Read OSS

The Binder: Building Symbol Tables and Control Flow Graphs

Advanced

Prerequisites

  • Article 1: Architecture & Codebase Map
  • Article 2: Scanner, Parser, and AST
  • Understanding of symbol tables and scope chains in compilers
  • Familiarity with control flow analysis concepts

The Binder: Building Symbol Tables and Control Flow Graphs

After the parser delivers a SourceFile AST, the next phase gives names their meaning. The binder walks the AST depth-first, creating Symbol objects for every declaration, organizing them into hierarchical symbol tables, setting parent pointers on every node, and — crucially — constructing the control flow graph that enables TypeScript's type narrowing. All of this happens in src/compiler/binder.ts — roughly 3,900 lines.

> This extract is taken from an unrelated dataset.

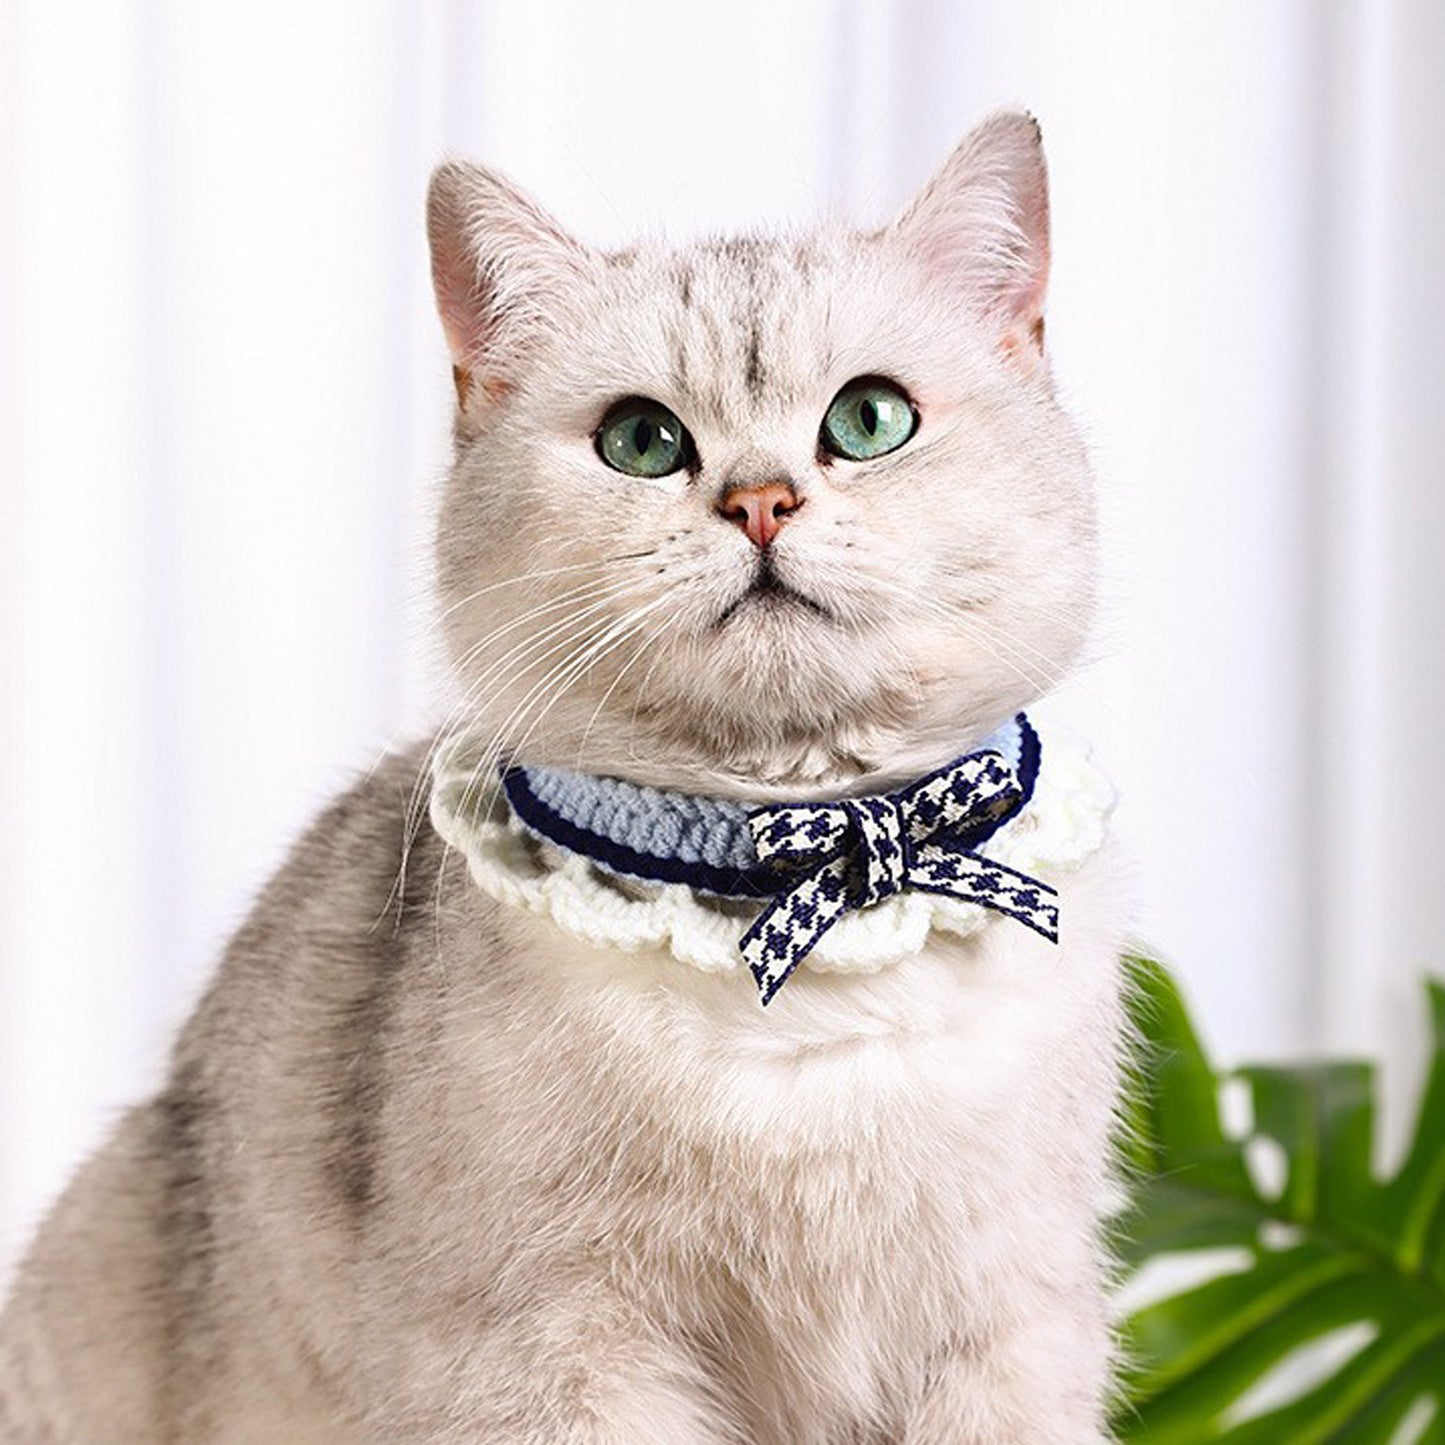 Lovely Crochet Pet Collar Cat Dog Neckwear.

The binder is the bridge between syntax and semantics. Understanding it is essential before tackling the checker, because the checker assumes everything the binder produces is already in place: parent pointers, symbol tables, and flow nodes.

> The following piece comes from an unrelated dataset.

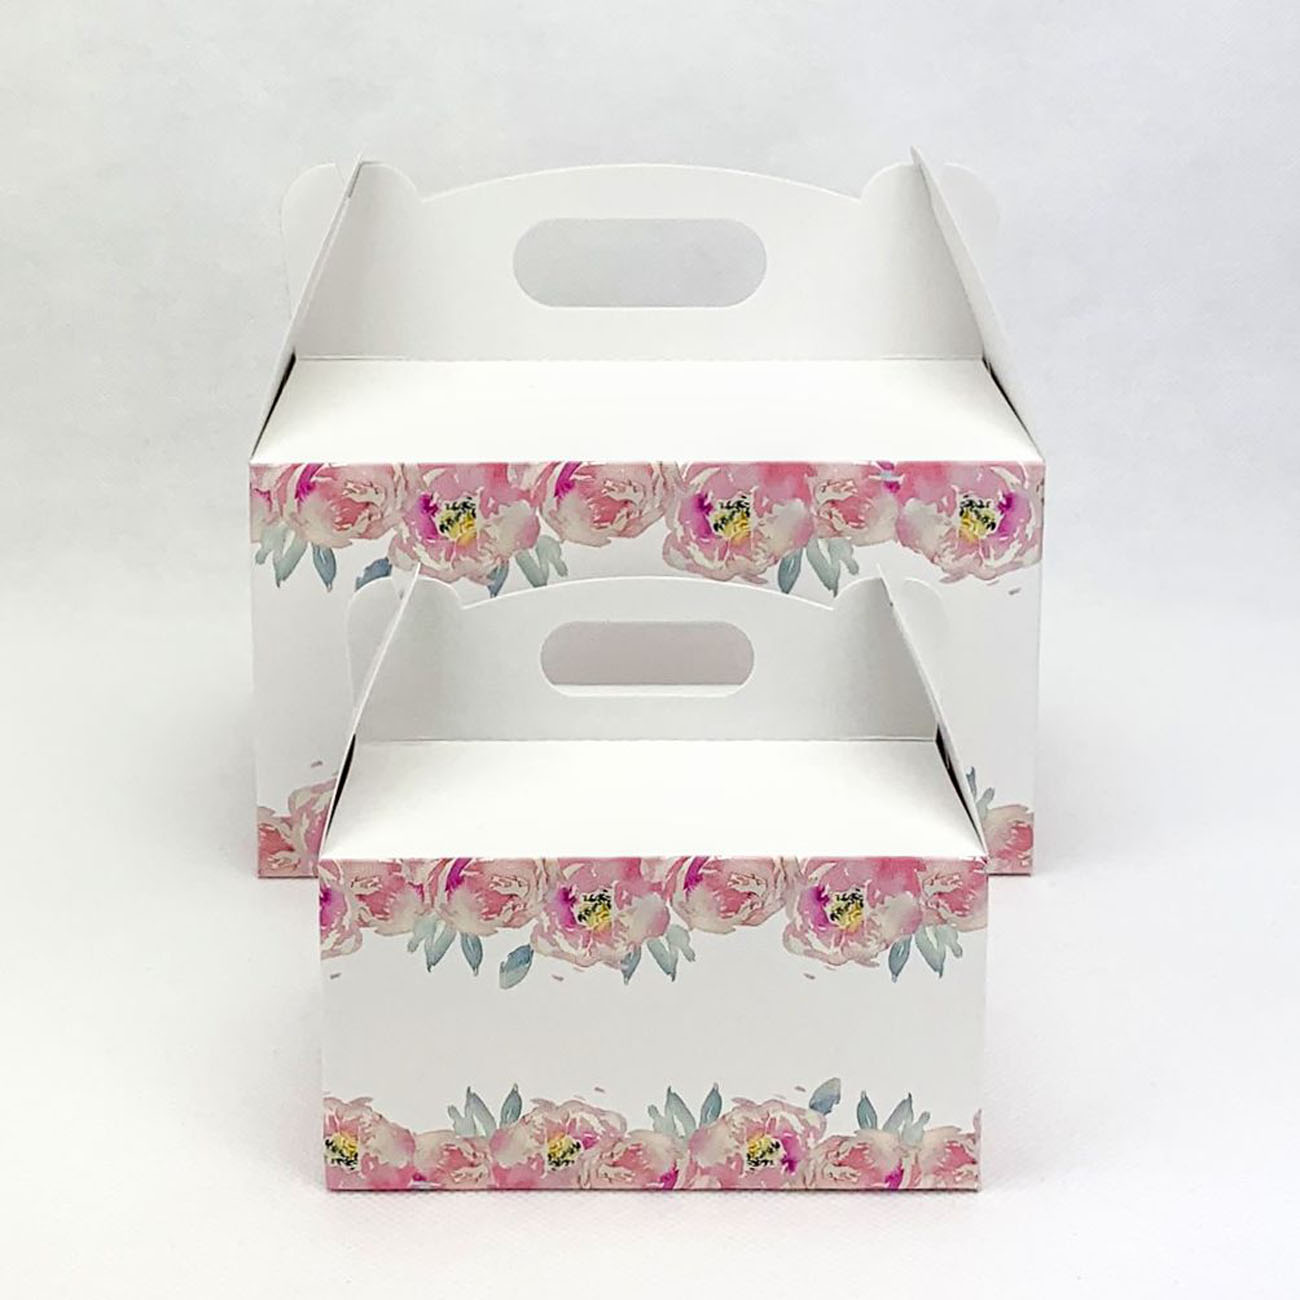 Svatební krabička střední s květy pivoněk - K56-4002-01

bindSourceFile and the Closure-Based Binder

Like the scanner and parser, the binder uses the closure-based module pattern. createBinder() returns a function that accepts a SourceFile and CompilerOptions. Internally, it closes over dozens of var locals:

function createBinder(): (file: SourceFile, options: CompilerOptions) => void {
    // Why var? It avoids TDZ checks in the runtime which can be costly.
    // See: https://github.com/microsoft/TypeScript/issues/52924
    var file: SourceFile;
    var options: CompilerOptions;
    var parent: Node;
    var container: IsContainer | EntityNameExpression;
    var blockScopeContainer: IsBlockScopedContainer;
    // ... control flow state ...
    var currentFlow: FlowNode;
    var currentBreakTarget: FlowLabel | undefined;
    var currentContinueTarget: FlowLabel | undefined;
    // ...

The binder is instantiated once as a module-level singleton — const binder = createBinder() — and reused for every file. Each call to bindSourceFile() reinitializes the closure state and walks the new file's AST.

flowchart TD
    BSF["bindSourceFile(file, options)"] --> Init["Initialize closure state<br/>Reset containers, flow nodes"]
    Init --> Walk["Depth-first AST walk"]
    Walk --> Bind["bind(node)"]
    Bind --> SetParent["Set node.parent"]
    Bind --> CheckDecl{"Is declaration?"}
    CheckDecl -->|Yes| CreateSym["Create/merge Symbol"]
    CheckDecl -->|No| Skip["Continue walk"]
    CreateSym --> AddToTable["Add to container's symbol table"]
    Bind --> FlowCheck{"Affects control flow?"}
    FlowCheck -->|Yes| UpdateFlow["Create FlowNode, update currentFlow"]
    FlowCheck -->|No| Continue["Continue"]
    Bind --> Children["Visit child nodes"]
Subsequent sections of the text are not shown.